Dickensian hijinks take centre stage as Laika heads to the Victorian era – and boy do they make wonderful use of their chosen setting (both thematically and visually). What this studio has managed to achieve in the world of CG stop-motion animation is unparalleled. Each feature feels like a gargantuan effort – painstakingly produced by hundreds of hard-working hands who marry the worlds of practical and digital technology to construct their unique work of art. This form of filmmaking has always carried a slight gothic edge, and that lends itself to the visual style here – combining nicely with the dank grey and green colour palette.

It’s heavy on style and lighter on substance – particularly as far as its human protagonists are concerned. The titular Boxtrolls themselves make for remarkably compelling sidekicks though. What they lack in intelligible dialogue, they make up for in adorable cowardice and familial warmth. Their slapstick silliness works as a pleasant antidote to some of the film’s darker themes – but never overshadows the central narrative (unlike their yellow-coated counterparts over at Illumination). Even more entertaining are Richard Ayoade & Nick Frost’s existentialist henchmen. I could watch them pontificate over the meaning of good and evil for days.

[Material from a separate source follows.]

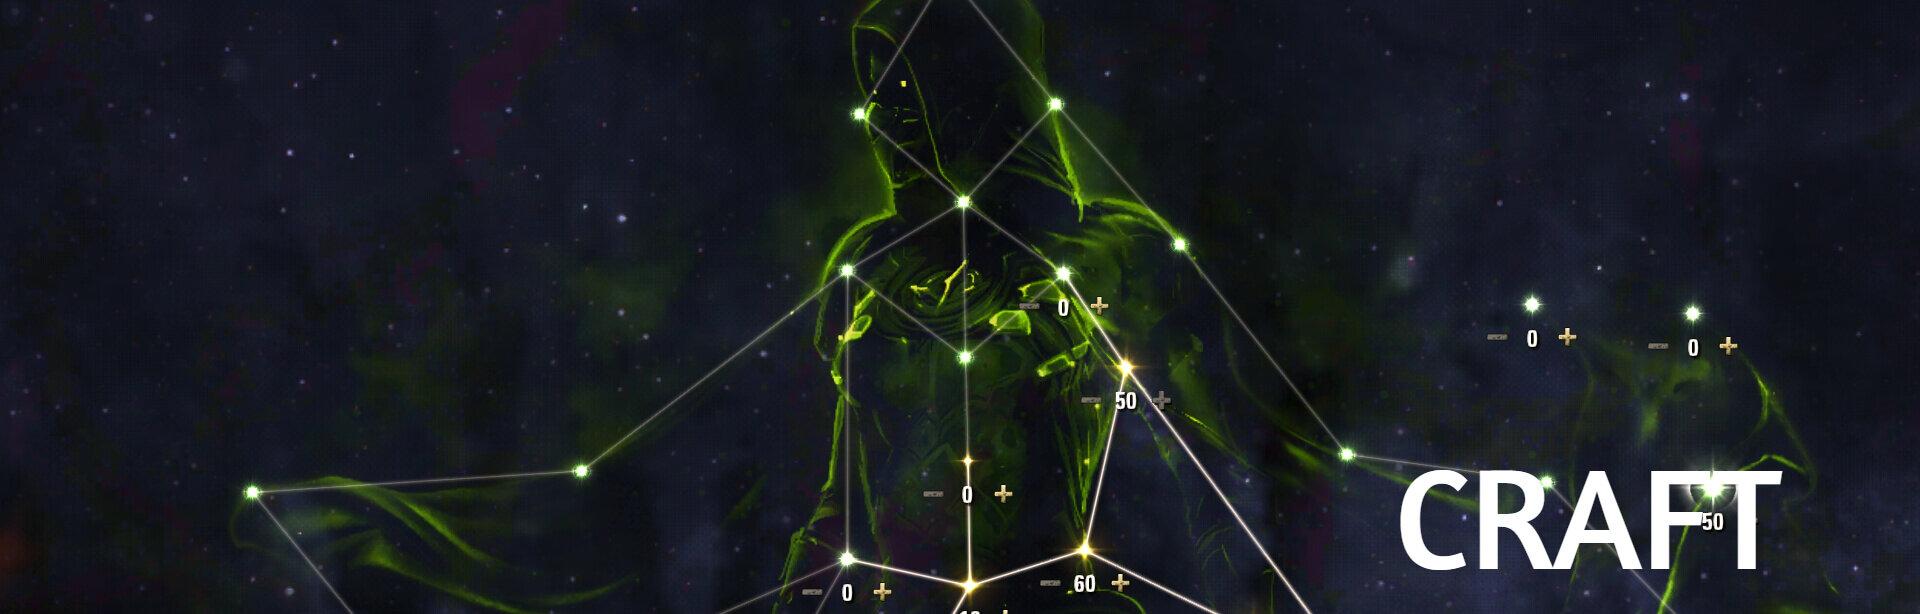 eso-craft-constellation.jpg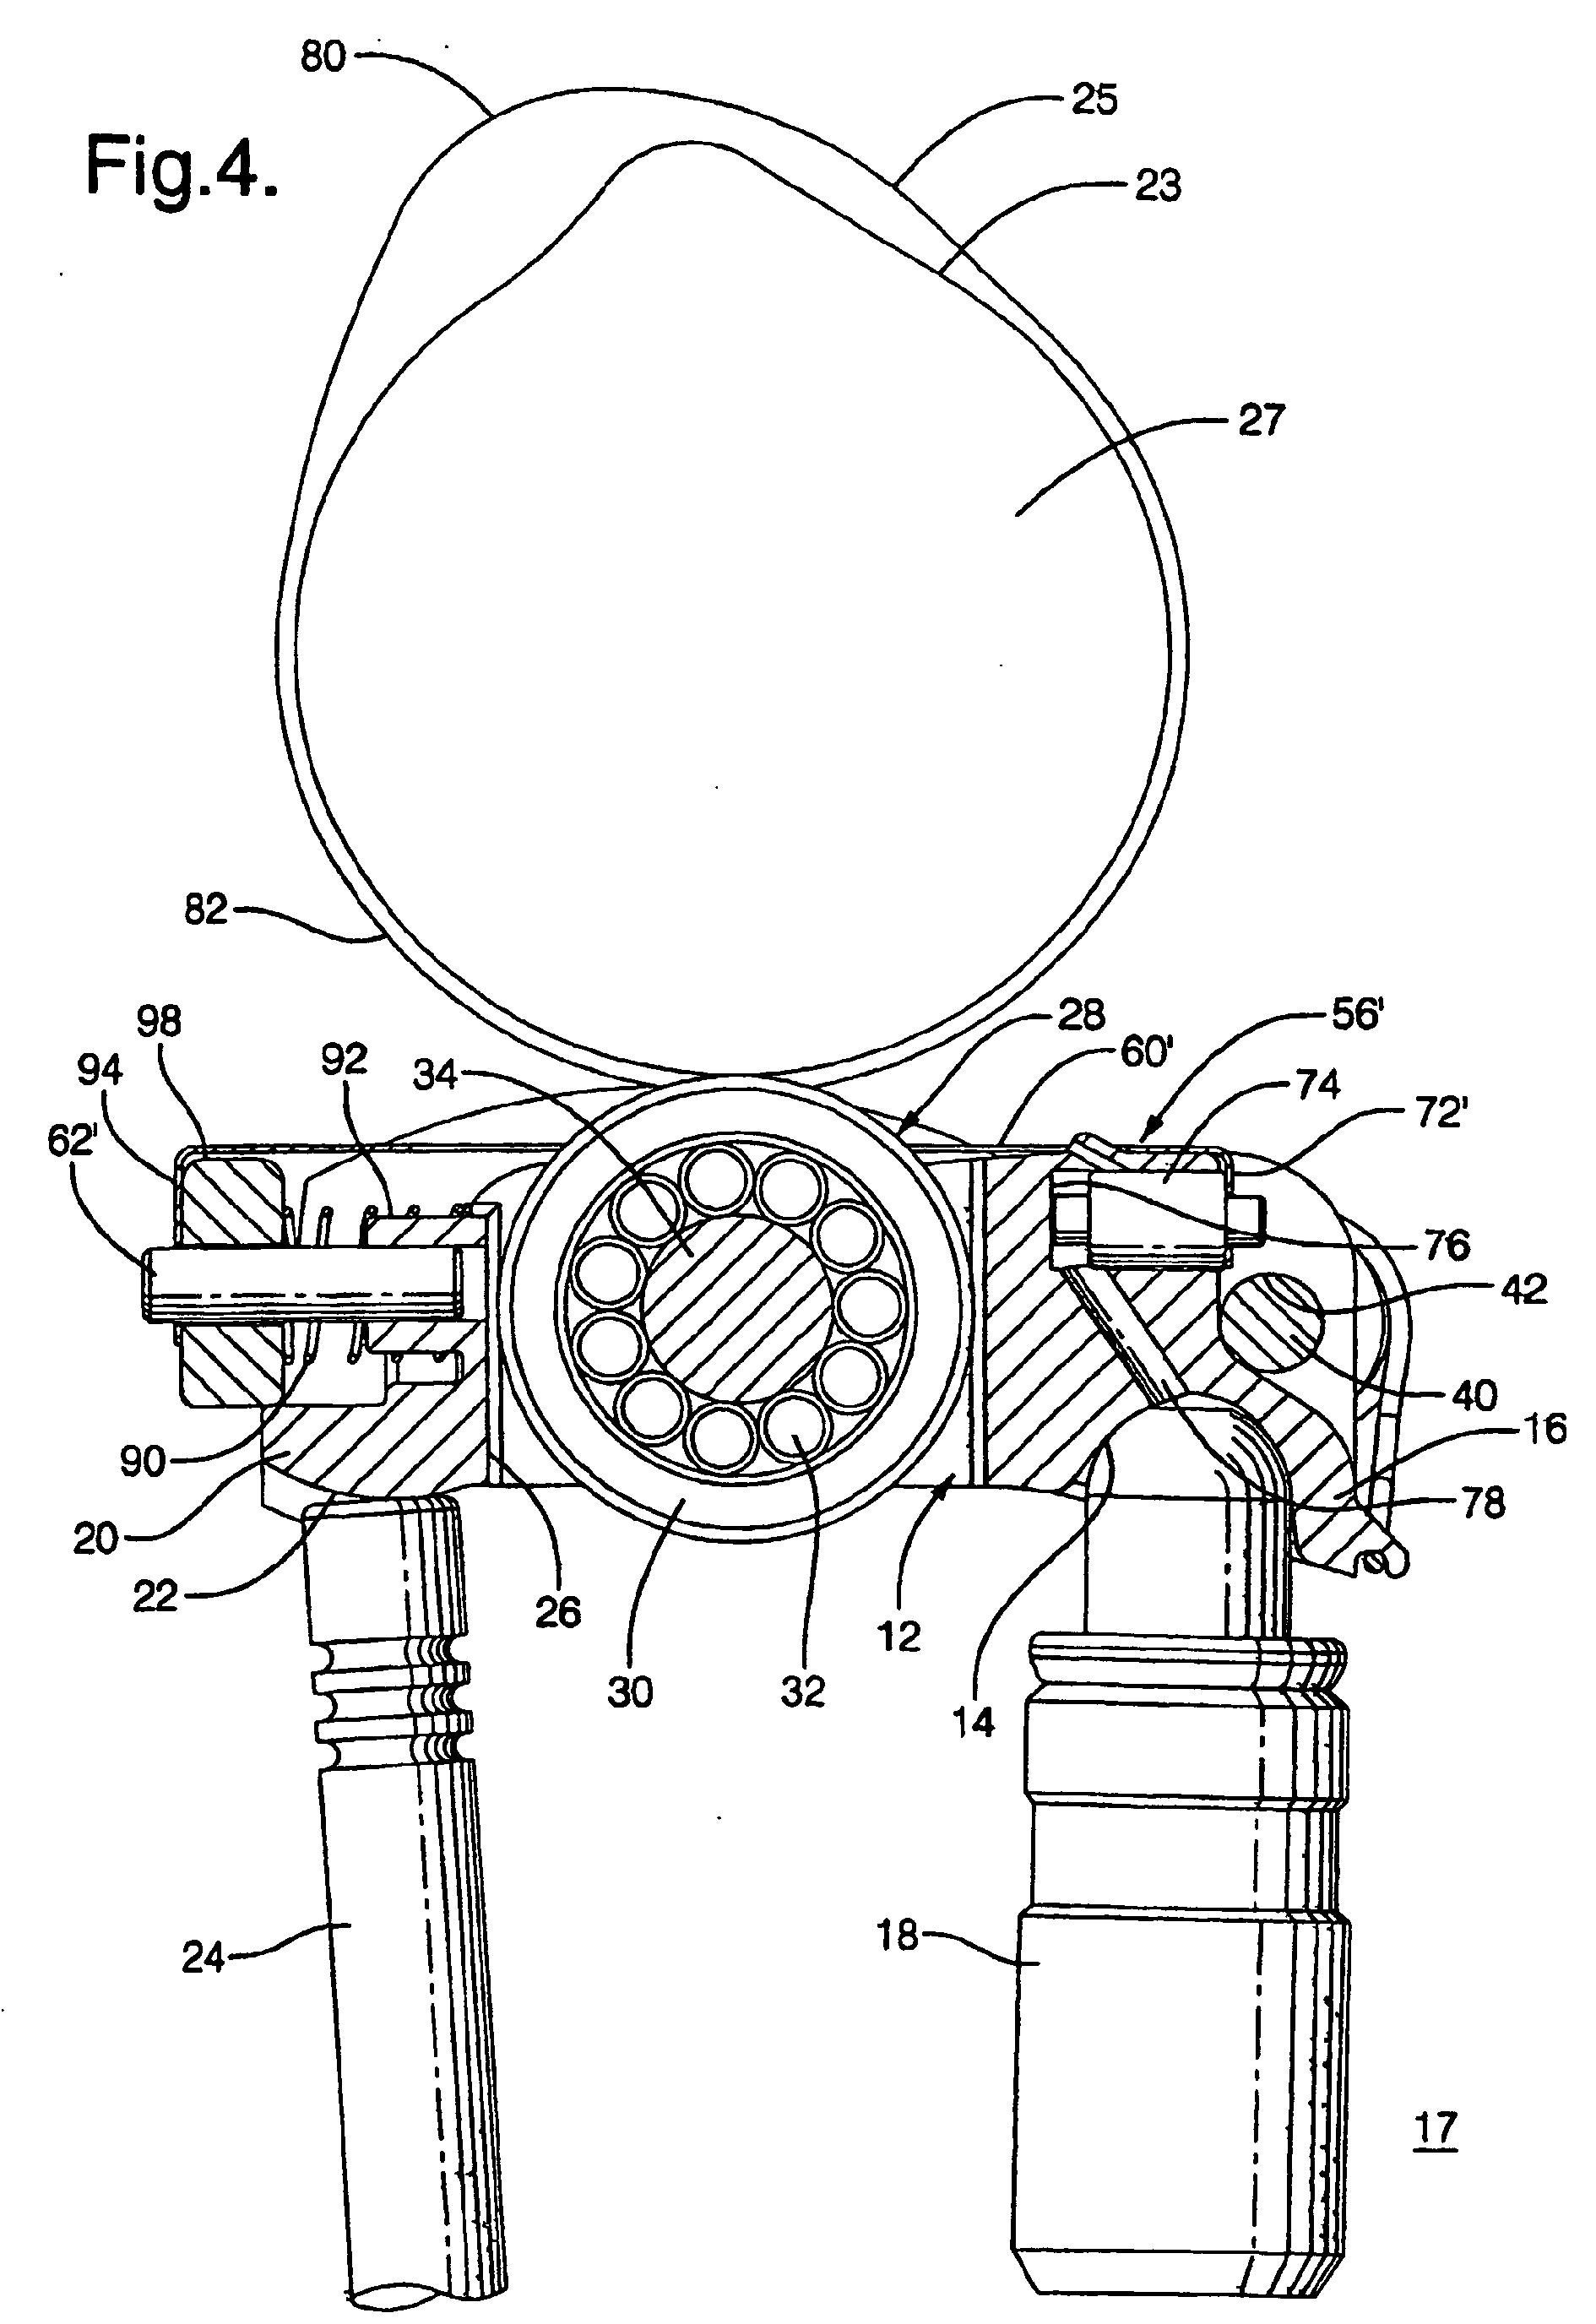 brevet ep1367228b1 culbuteur du type linguet deux positions google brevets. Black Bedroom Furniture Sets. Home Design Ideas

Where the film displays real depth is with its antagonist. Visually repulsive and conjuring terrifying images of Chitty Chitty Bang Bang‘s Child Catcher, there’s also something very sad about Archibald Snatcher. His deep-rooted desire to eat cheese amongst the aristocracy and wear a ‘white hat’ mirrors the class struggle explored in many of Dickens’ works. It’s a self-destructive path marked by OTT humour that hides a tragic tale of rejection underneath. And the beauty of Laika’s work is that no matter how sadistic he is, you still can’t help but pity him.

3.5 Stars

Random Thoughts

I’ve spent the last two years harbouring unresolved feelings of resentment towards this film after it ‘stole’ The Lego Movie‘s spot as a Best Animated Feature nominee. Considering it’s actually better than fellow nomination thieves Big Hero 6 and How To Train Your Dragon 2, I reckon I may need to re-direct my scorn…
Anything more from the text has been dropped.